■ **EXERCISE OBJECTIVE**:
Output the lines of the listing below exactly, starting at the line containing "Concursantes de un" and stopping after the last line, with any pictures dropped.

■ **DATA EXCERPT**:
==========

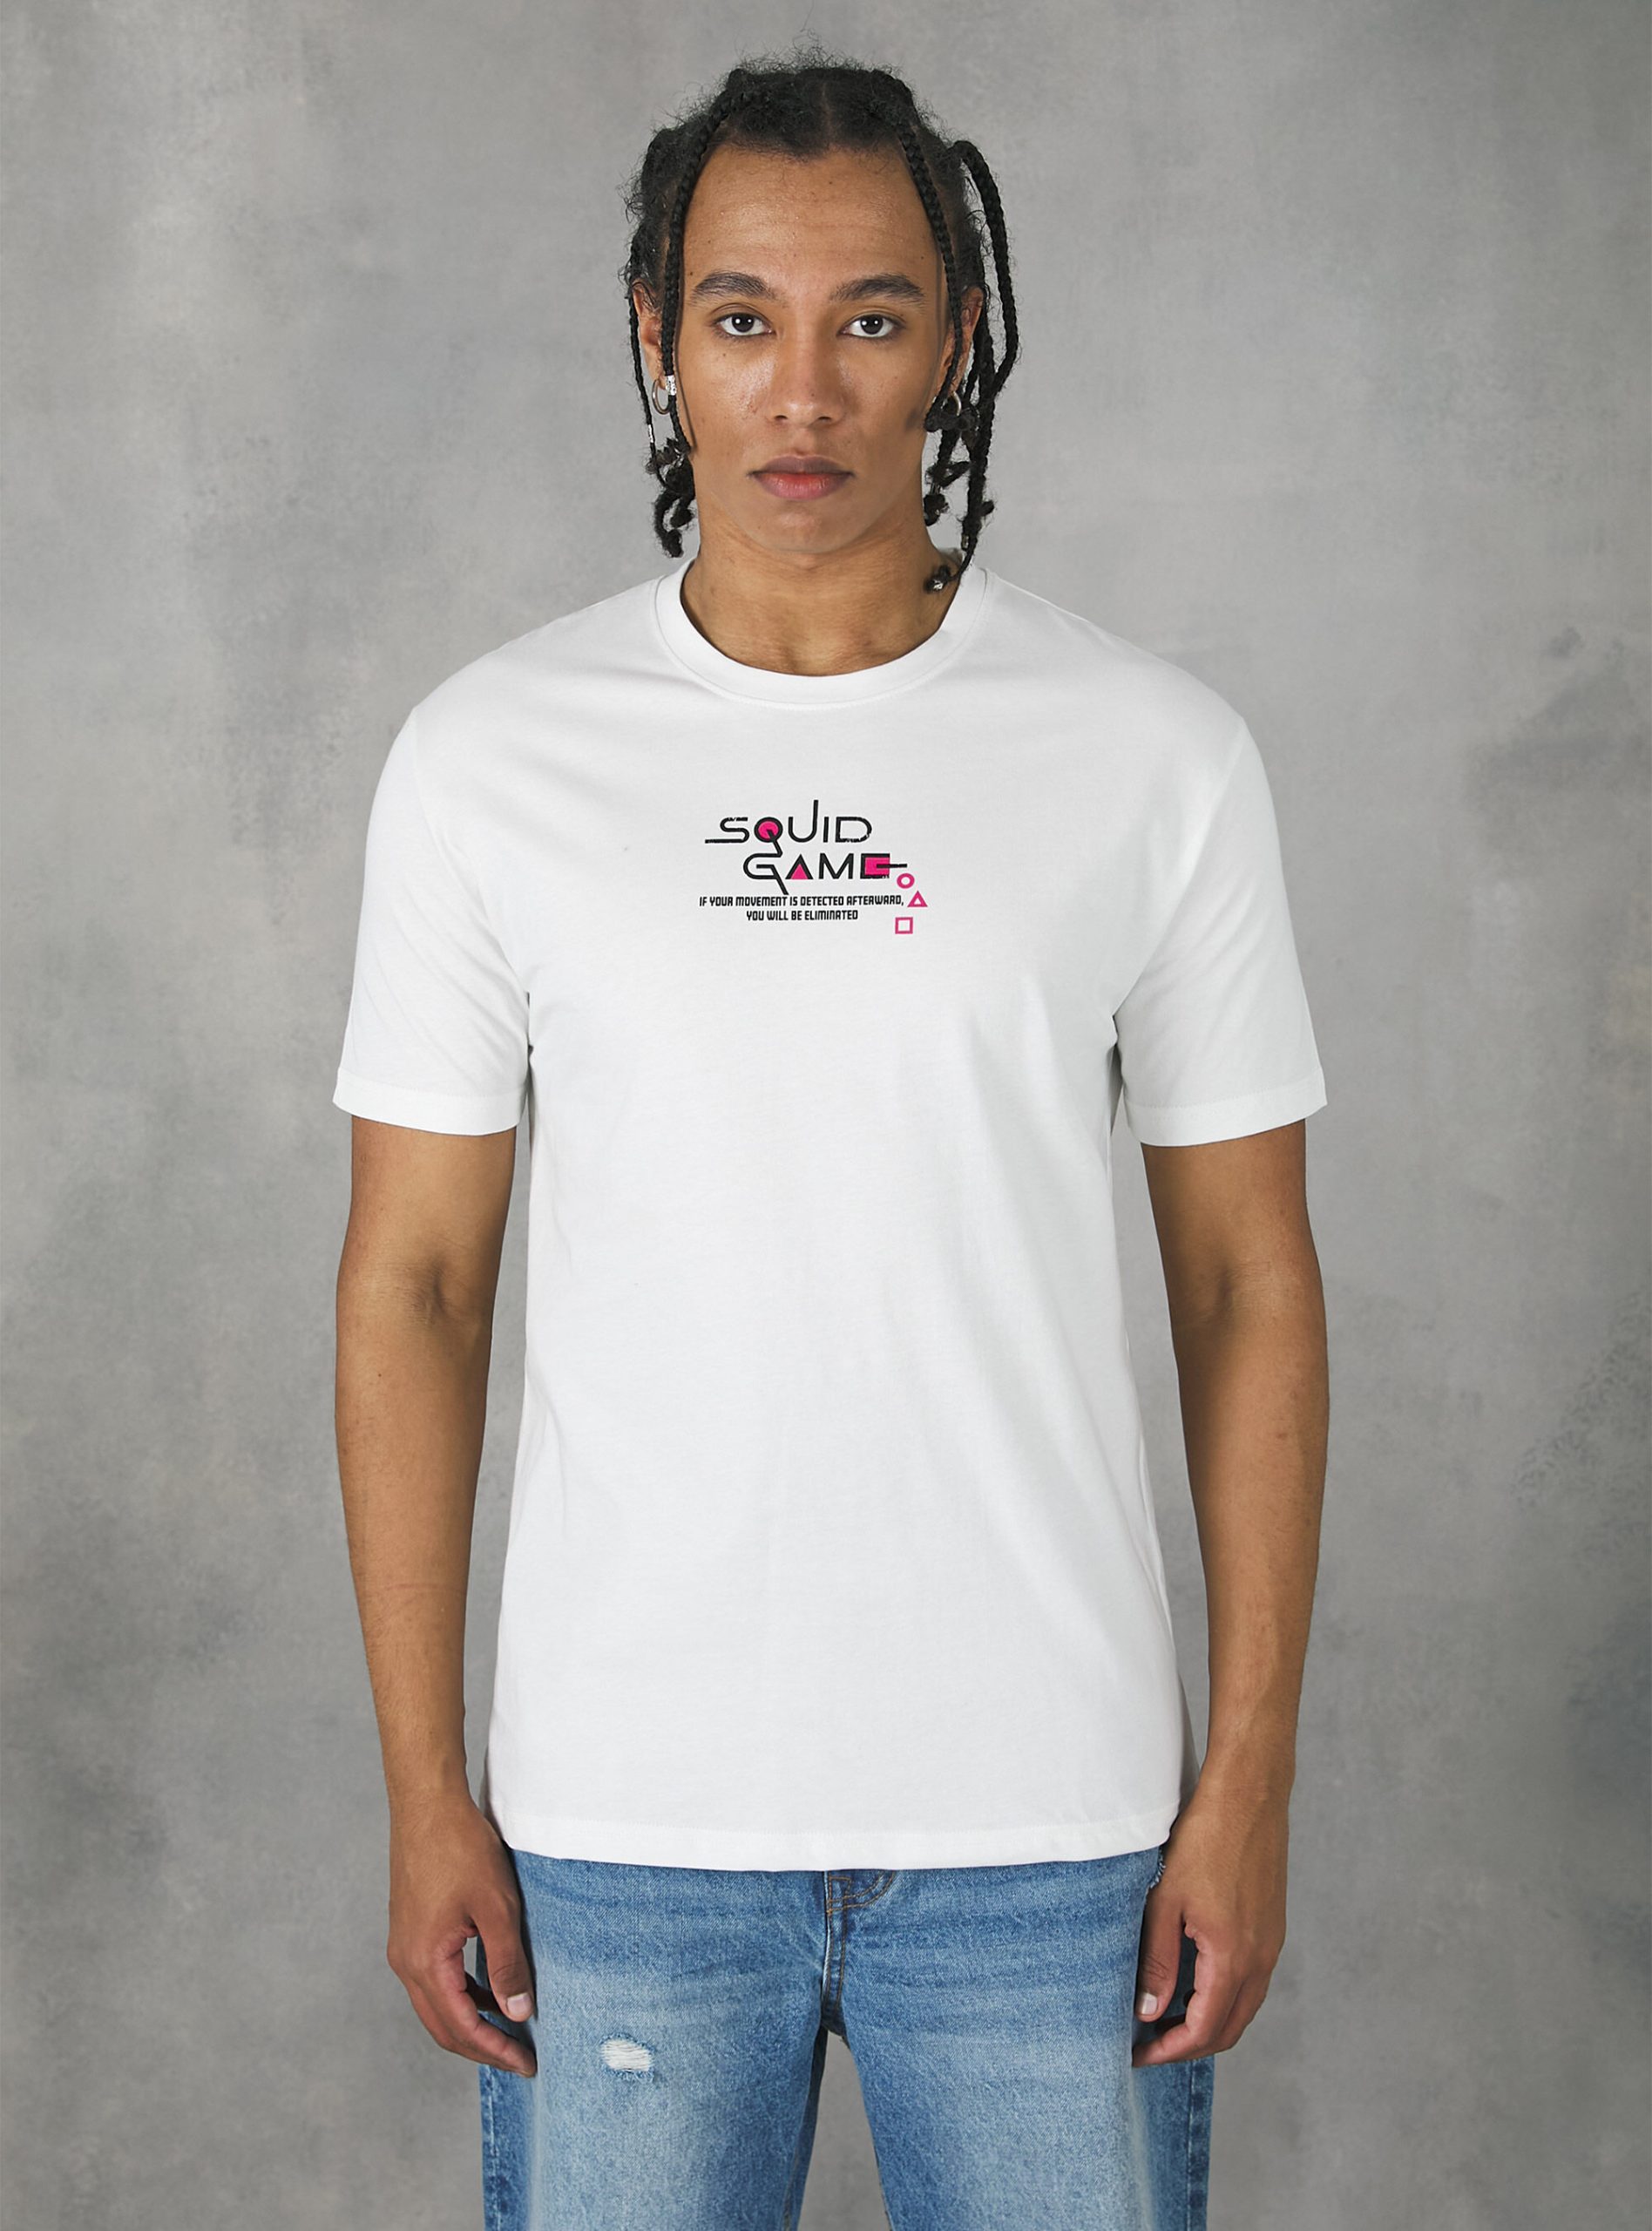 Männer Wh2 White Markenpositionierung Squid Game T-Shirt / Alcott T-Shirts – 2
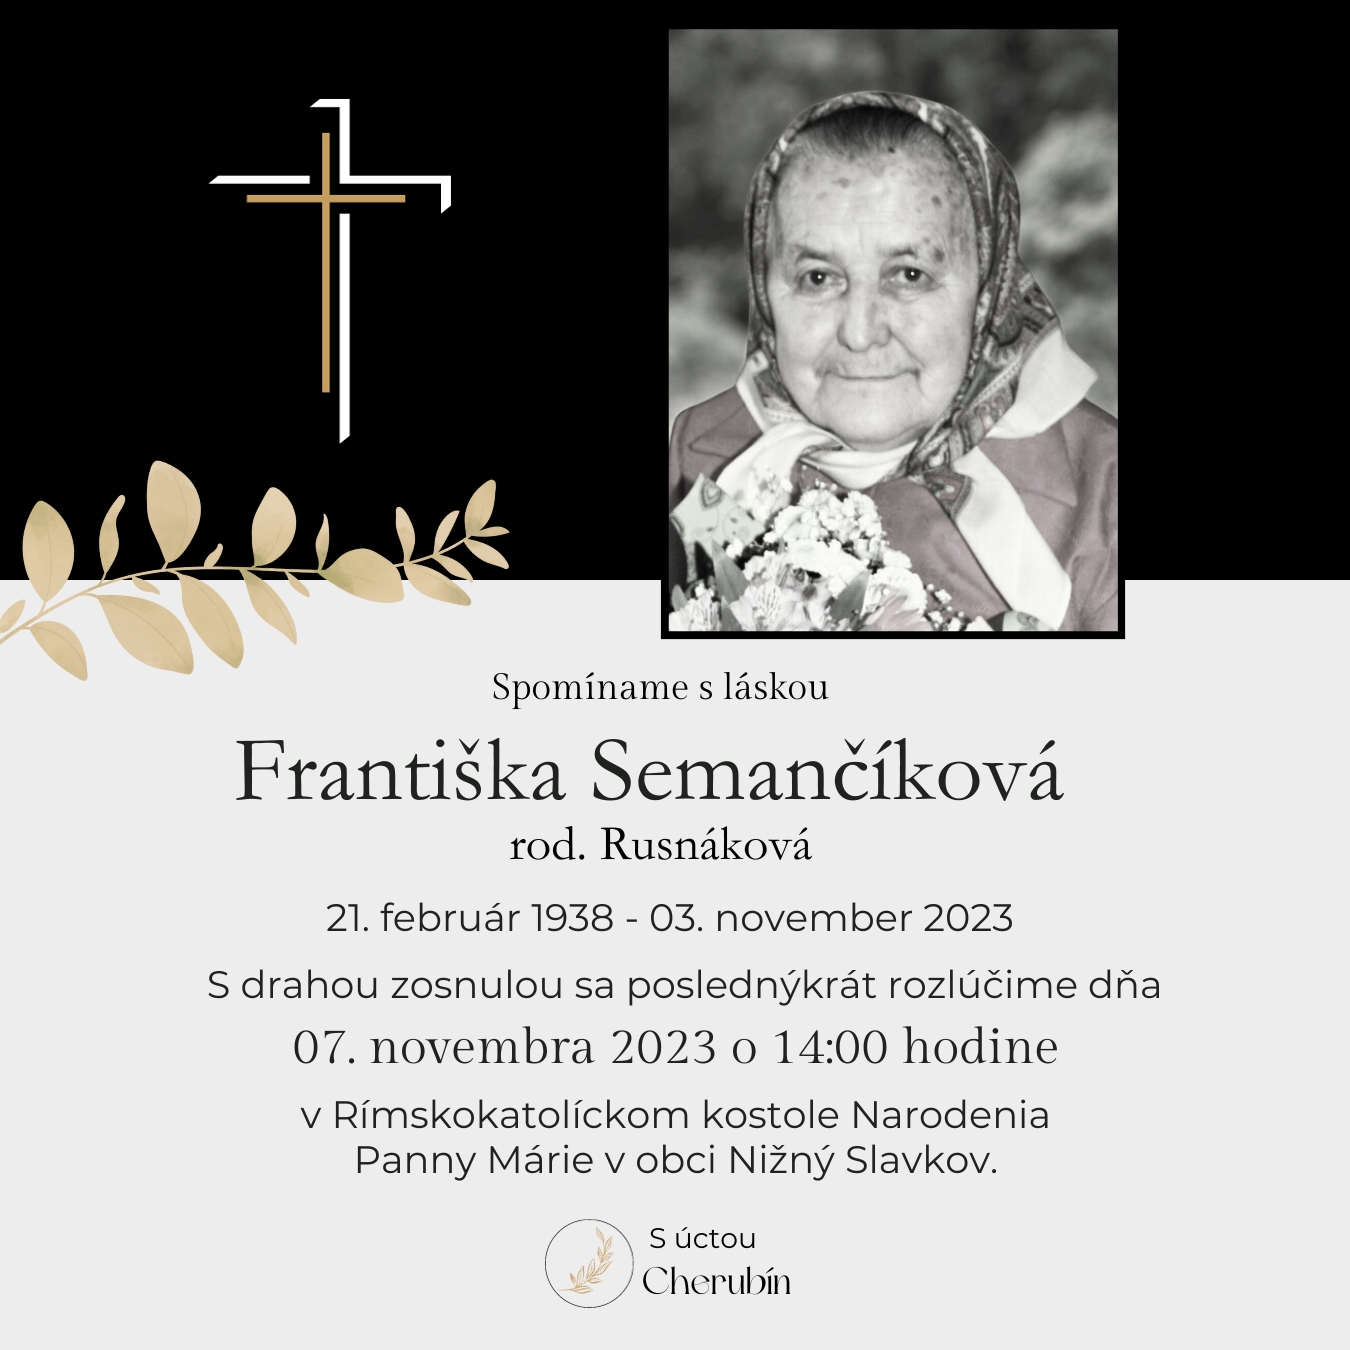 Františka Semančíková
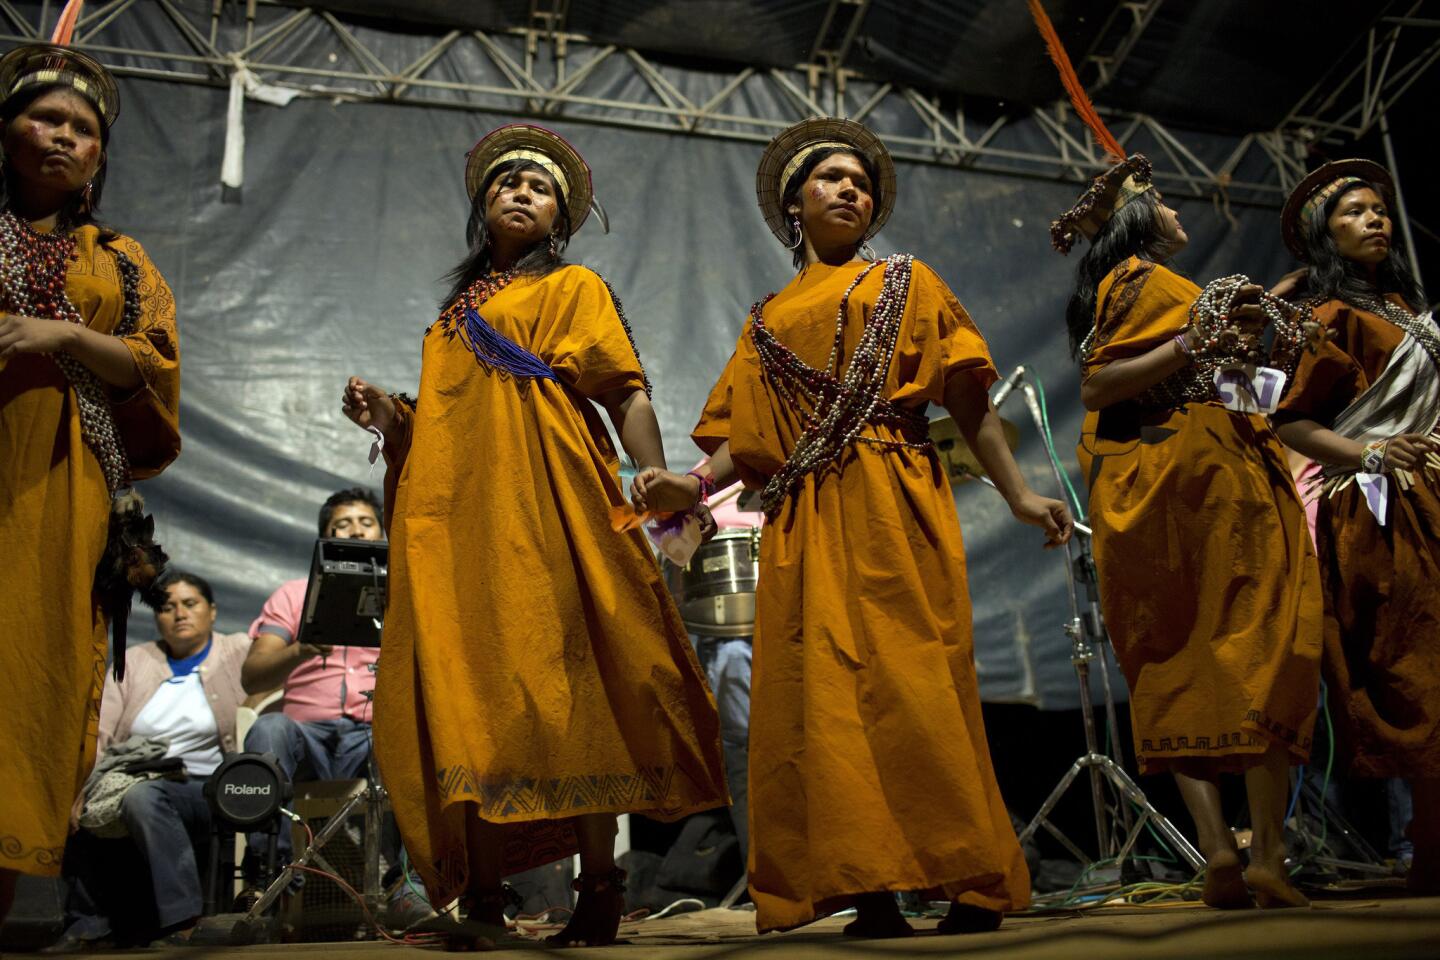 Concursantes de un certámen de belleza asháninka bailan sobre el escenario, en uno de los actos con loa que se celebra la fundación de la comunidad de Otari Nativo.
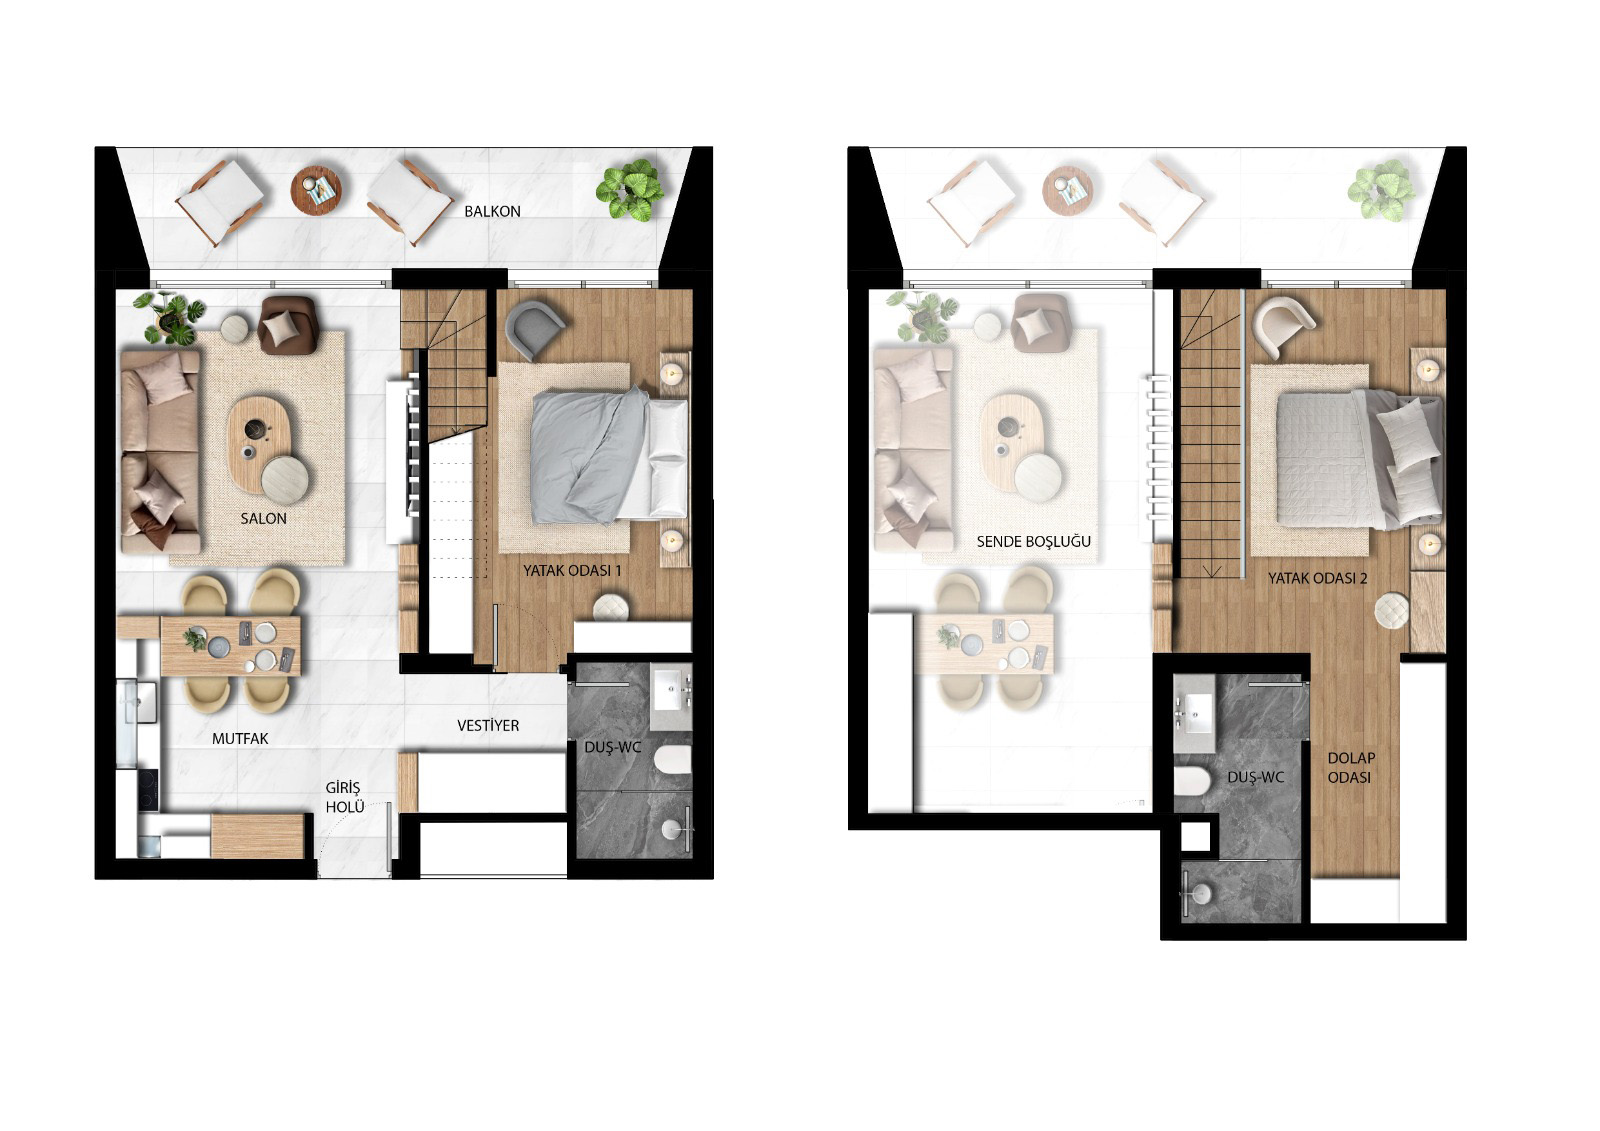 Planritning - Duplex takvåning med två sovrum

==========

■ **EXERCISE SOLUTION**:
 Concursantes de un certámen de belleza asháninka bailan sobre el escenario, en uno de los actos con loa que se celebra la fundación de la comunidad de Otari Nativo.
 Planritning - Duplex takvåning med två sovrum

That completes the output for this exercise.